What you should do:
Find the line with "Bangladesch gegen Tonga" in the records below. Copy it and every line after it, up to and including the line with "Lacno Ponožky pre".

Stored dataset items
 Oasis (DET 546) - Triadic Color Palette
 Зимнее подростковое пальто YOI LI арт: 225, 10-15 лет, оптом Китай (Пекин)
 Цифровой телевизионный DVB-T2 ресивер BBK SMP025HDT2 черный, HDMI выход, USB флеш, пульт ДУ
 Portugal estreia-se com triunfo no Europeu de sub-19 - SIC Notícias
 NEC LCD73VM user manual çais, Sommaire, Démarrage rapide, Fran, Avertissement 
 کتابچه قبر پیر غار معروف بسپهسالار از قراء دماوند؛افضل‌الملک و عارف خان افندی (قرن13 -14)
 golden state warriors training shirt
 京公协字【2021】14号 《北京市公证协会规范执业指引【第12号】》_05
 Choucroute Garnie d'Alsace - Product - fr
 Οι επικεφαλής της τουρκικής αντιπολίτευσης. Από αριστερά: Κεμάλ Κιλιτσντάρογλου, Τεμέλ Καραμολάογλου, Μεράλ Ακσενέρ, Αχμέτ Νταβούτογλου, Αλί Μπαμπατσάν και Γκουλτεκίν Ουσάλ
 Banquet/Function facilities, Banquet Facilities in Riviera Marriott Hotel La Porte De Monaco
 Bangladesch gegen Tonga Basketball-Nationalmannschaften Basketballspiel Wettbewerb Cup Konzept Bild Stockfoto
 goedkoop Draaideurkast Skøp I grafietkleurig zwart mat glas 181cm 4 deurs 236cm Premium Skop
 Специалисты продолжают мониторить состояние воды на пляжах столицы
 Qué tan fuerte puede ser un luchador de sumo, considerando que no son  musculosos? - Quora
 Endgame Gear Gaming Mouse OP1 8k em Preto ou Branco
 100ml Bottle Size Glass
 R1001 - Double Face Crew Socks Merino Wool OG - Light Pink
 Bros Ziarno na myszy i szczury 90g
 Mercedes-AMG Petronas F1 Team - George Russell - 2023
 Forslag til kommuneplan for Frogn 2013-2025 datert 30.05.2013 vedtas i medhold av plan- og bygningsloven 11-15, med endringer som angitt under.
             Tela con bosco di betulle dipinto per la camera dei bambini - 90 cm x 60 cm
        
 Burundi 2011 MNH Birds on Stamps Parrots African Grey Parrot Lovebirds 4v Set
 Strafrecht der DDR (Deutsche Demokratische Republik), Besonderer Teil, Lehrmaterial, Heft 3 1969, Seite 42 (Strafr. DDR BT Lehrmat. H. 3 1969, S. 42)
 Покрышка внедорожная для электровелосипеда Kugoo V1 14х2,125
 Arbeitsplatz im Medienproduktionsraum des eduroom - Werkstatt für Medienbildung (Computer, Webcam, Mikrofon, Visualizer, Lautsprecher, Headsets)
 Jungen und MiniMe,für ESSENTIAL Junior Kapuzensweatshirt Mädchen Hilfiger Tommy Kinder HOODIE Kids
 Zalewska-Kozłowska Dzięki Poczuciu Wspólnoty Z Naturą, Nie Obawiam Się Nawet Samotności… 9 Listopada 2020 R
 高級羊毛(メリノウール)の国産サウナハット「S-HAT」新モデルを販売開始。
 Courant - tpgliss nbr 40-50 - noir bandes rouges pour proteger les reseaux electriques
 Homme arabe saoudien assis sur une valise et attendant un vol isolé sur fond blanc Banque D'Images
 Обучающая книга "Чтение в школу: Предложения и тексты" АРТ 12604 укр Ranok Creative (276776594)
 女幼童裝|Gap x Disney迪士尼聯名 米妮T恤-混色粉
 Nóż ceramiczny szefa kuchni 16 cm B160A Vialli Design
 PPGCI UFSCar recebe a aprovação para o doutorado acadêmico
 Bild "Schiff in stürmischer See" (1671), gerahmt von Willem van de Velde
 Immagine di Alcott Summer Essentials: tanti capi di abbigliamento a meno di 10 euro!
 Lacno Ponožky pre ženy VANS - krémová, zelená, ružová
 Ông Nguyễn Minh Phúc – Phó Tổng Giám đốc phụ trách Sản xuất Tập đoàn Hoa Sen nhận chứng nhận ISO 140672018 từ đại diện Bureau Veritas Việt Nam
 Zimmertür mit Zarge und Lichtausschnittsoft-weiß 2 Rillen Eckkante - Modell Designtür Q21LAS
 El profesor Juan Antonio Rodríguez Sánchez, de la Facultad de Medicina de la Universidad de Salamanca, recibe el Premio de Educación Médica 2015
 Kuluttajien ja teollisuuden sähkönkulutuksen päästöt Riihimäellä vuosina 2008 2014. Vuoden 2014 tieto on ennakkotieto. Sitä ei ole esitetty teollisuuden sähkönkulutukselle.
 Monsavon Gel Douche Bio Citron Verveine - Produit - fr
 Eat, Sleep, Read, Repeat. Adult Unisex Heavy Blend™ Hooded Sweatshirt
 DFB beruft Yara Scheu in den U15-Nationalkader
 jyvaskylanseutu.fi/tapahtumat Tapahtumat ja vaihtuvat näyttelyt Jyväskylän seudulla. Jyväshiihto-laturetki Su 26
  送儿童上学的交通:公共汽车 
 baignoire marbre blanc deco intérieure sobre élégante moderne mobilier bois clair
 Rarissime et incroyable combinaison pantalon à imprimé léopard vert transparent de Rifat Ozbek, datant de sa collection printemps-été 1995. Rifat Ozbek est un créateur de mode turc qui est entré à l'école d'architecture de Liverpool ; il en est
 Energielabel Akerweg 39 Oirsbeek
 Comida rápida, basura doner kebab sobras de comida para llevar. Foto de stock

Solution to the problem:
 Bangladesch gegen Tonga Basketball-Nationalmannschaften Basketballspiel Wettbewerb Cup Konzept Bild Stockfoto
 goedkoop Draaideurkast Skøp I grafietkleurig zwart mat glas 181cm 4 deurs 236cm Premium Skop
 Специалисты продолжают мониторить состояние воды на пляжах столицы
 Qué tan fuerte puede ser un luchador de sumo, considerando que no son  musculosos? - Quora
 Endgame Gear Gaming Mouse OP1 8k em Preto ou Branco
 100ml Bottle Size Glass
 R1001 - Double Face Crew Socks Merino Wool OG - Light Pink
 Bros Ziarno na myszy i szczury 90g
 Mercedes-AMG Petronas F1 Team - George Russell - 2023
 Forslag til kommuneplan for Frogn 2013-2025 datert 30.05.2013 vedtas i medhold av plan- og bygningsloven 11-15, med endringer som angitt under.
             Tela con bosco di betulle dipinto per la camera dei bambini - 90 cm x 60 cm
        
 Burundi 2011 MNH Birds on Stamps Parrots African Grey Parrot Lovebirds 4v Set
 Strafrecht der DDR (Deutsche Demokratische Republik), Besonderer Teil, Lehrmaterial, Heft 3 1969, Seite 42 (Strafr. DDR BT Lehrmat. H. 3 1969, S. 42)
 Покрышка внедорожная для электровелосипеда Kugoo V1 14х2,125
 Arbeitsplatz im Medienproduktionsraum des eduroom - Werkstatt für Medienbildung (Computer, Webcam, Mikrofon, Visualizer, Lautsprecher, Headsets)
 Jungen und MiniMe,für ESSENTIAL Junior Kapuzensweatshirt Mädchen Hilfiger Tommy Kinder HOODIE Kids
 Zalewska-Kozłowska Dzięki Poczuciu Wspólnoty Z Naturą, Nie Obawiam Się Nawet Samotności… 9 Listopada 2020 R
 高級羊毛(メリノウール)の国産サウナハット「S-HAT」新モデルを販売開始。
 Courant - tpgliss nbr 40-50 - noir bandes rouges pour proteger les reseaux electriques
 Homme arabe saoudien assis sur une valise et attendant un vol isolé sur fond blanc Banque D'Images
 Обучающая книга "Чтение в школу: Предложения и тексты" АРТ 12604 укр Ranok Creative (276776594)
 女幼童裝|Gap x Disney迪士尼聯名 米妮T恤-混色粉
 Nóż ceramiczny szefa kuchni 16 cm B160A Vialli Design
 PPGCI UFSCar recebe a aprovação para o doutorado acadêmico
 Bild "Schiff in stürmischer See" (1671), gerahmt von Willem van de Velde
 Immagine di Alcott Summer Essentials: tanti capi di abbigliamento a meno di 10 euro!
 Lacno Ponožky pre ženy VANS - krémová, zelená, ružová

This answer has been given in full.